I got black-box (too big to analyze) boolean formula f(...) with 3 sets of input arguments: $x_1... x_i, y_1... y_j, z_1... z_k$. And I want to find such values for x-arguments that for every y-arguments exist z-arguments witch satisfy formula: $(x_1...x_i): \forall (y_1...y_j) \exists (z_1...z_k) f(x_1...x_i, y_1...y_j, z_1...z_k)$
I want encode this quantified boolean formula to DIMACS CNF format and use SAT-solver to find such $x_1...x_i$ values.

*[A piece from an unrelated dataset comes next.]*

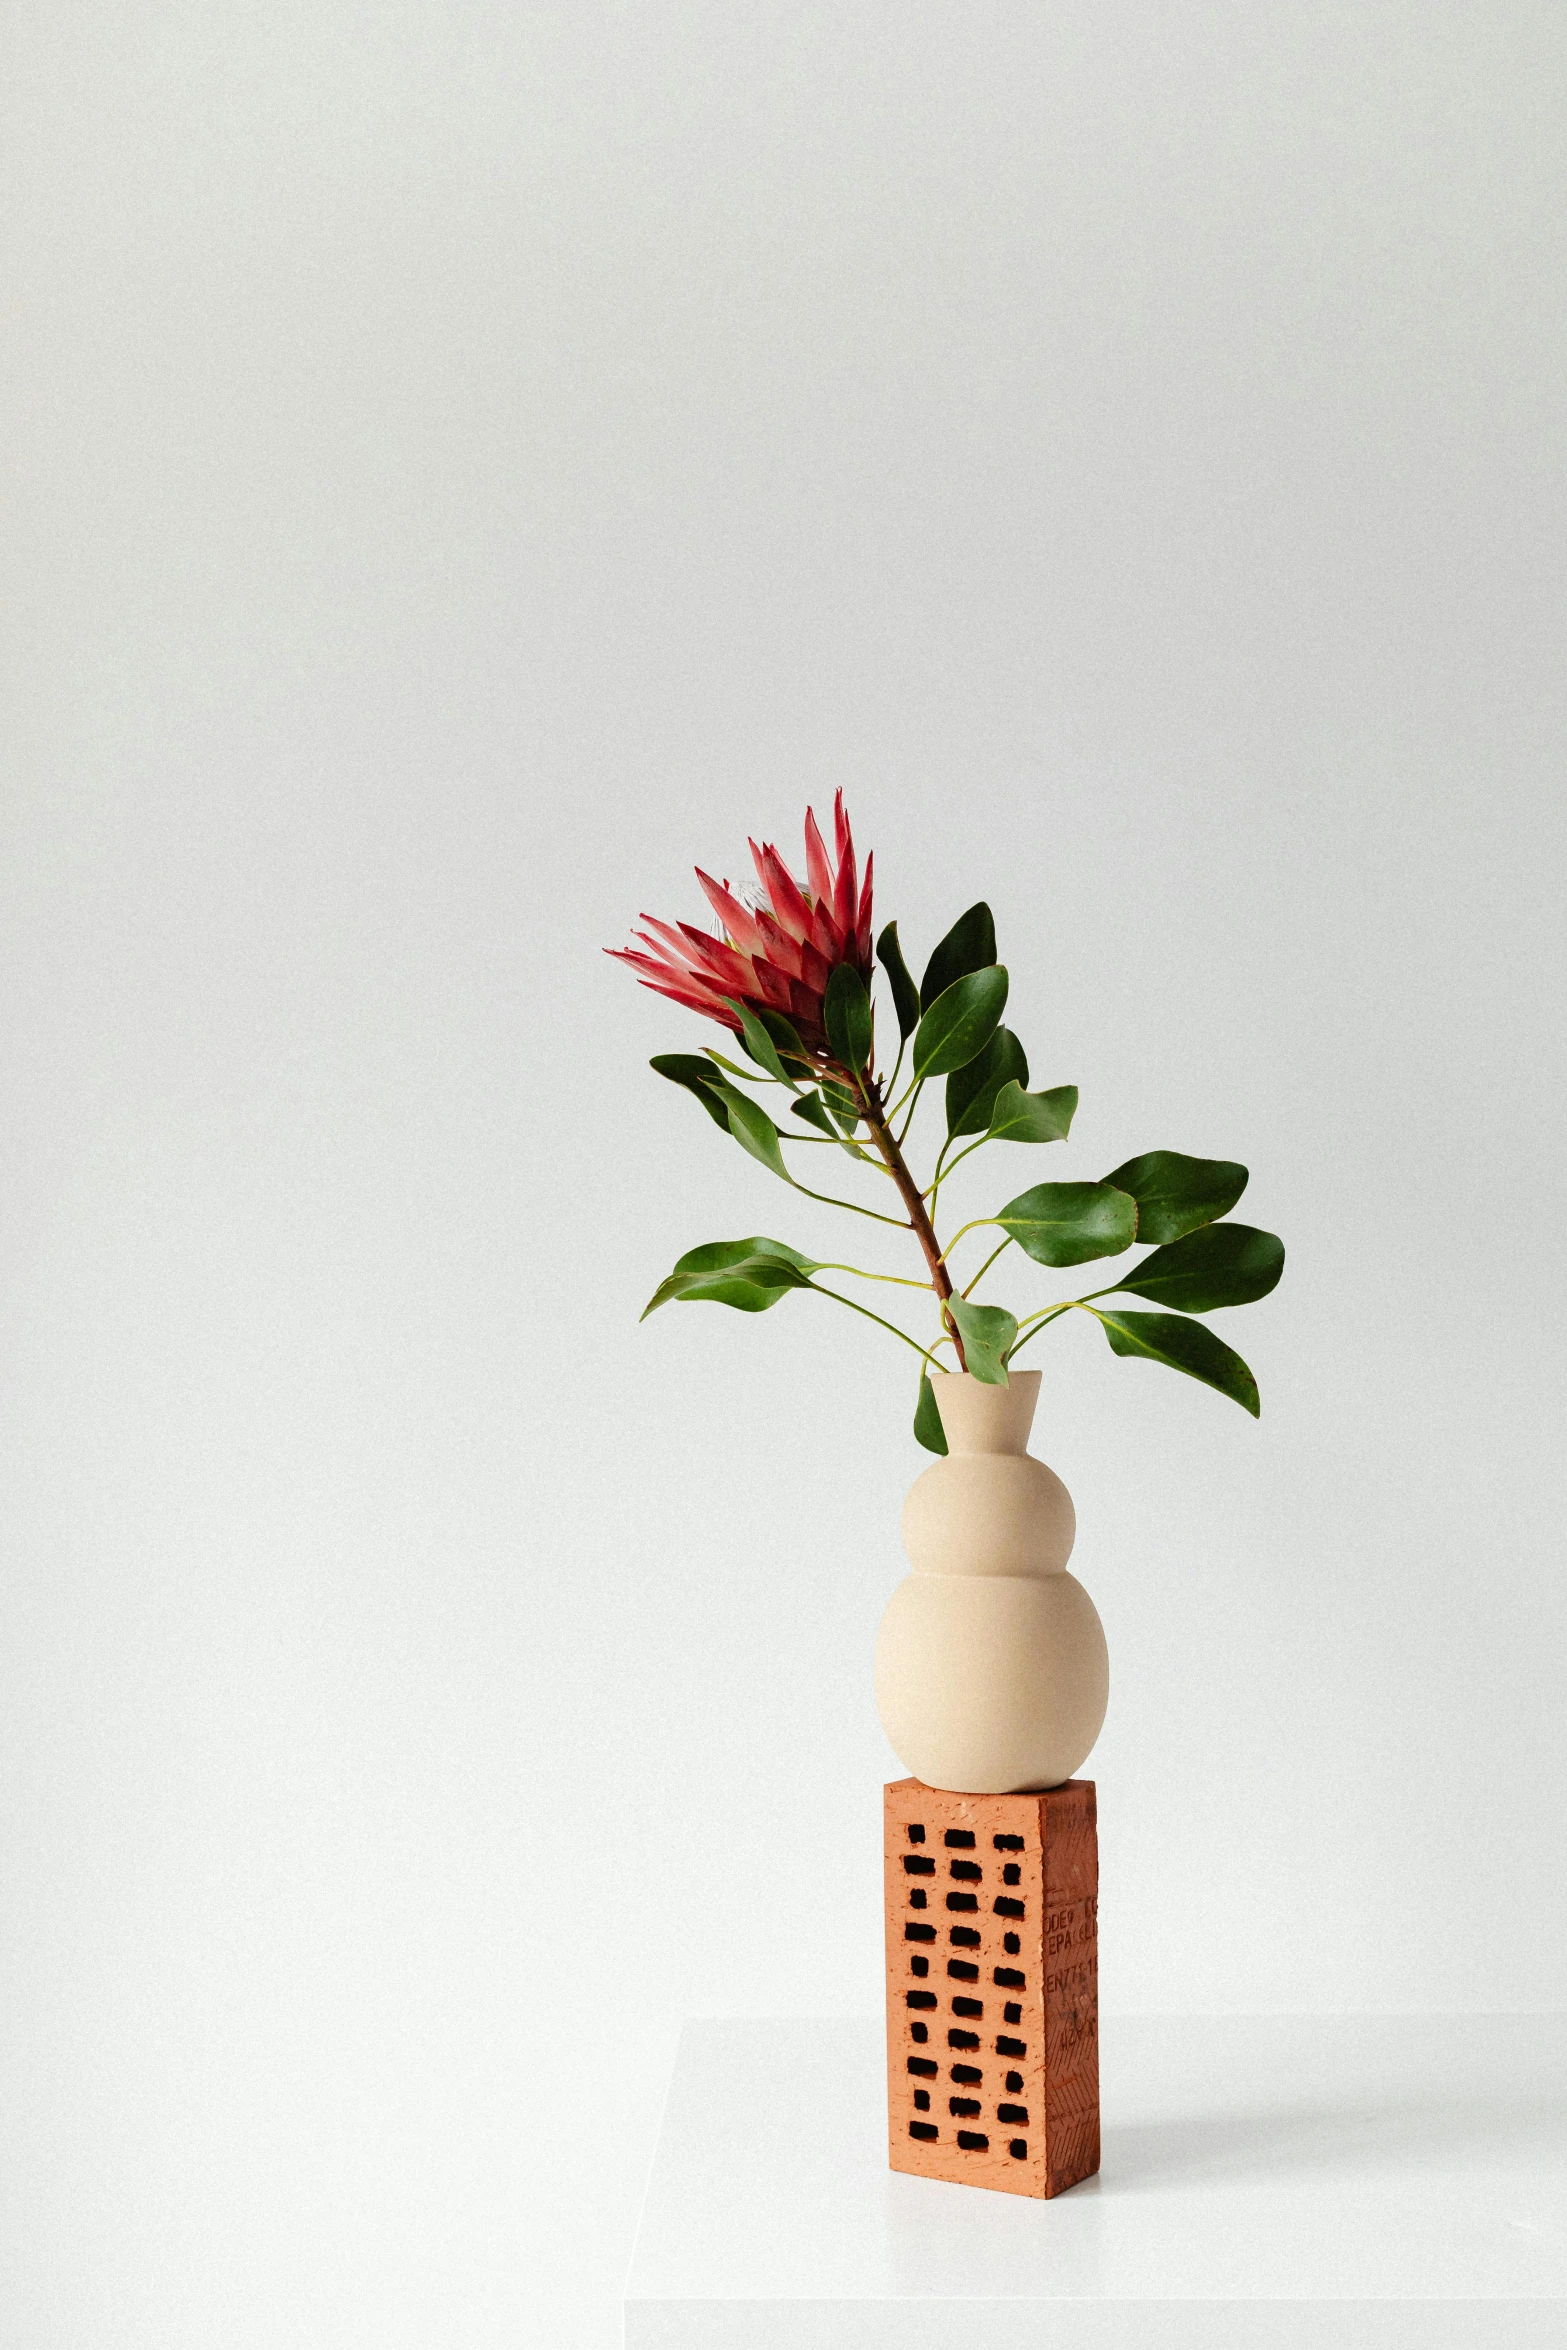 a vase with a flower in it sitting on a table, inspired by Giorgio Morandi, new sculpture, city scape, bromeliads, small crown, studio product shot

I think its possible by iterating over all $2^j$ $(y_1...y_j)$ value substitutions (substitute true or false for every $y$), adding new set of z-arguments for each of them, substitute them to f(...) and joining them with conjunction: $f(x_1...x_i, false...false, (z_1)_1...(z_1)_k) \land f(x_1...x_i, false...true, (z_2)_1...(z_2)_k) \land ... \land f(x_1...x_i, true...true, (z_{2^j})_1...(z_{2^j})_k)$
Problem of that solution that it will generate exponential (dependent on count of y-arguments) large boolean formula with $2^j$ conjunctions and then require exponential time from size of this formula to solve SAT.
Is there a more compact way to reduce this formula to formula without quantifications? Or any other way with less complexity?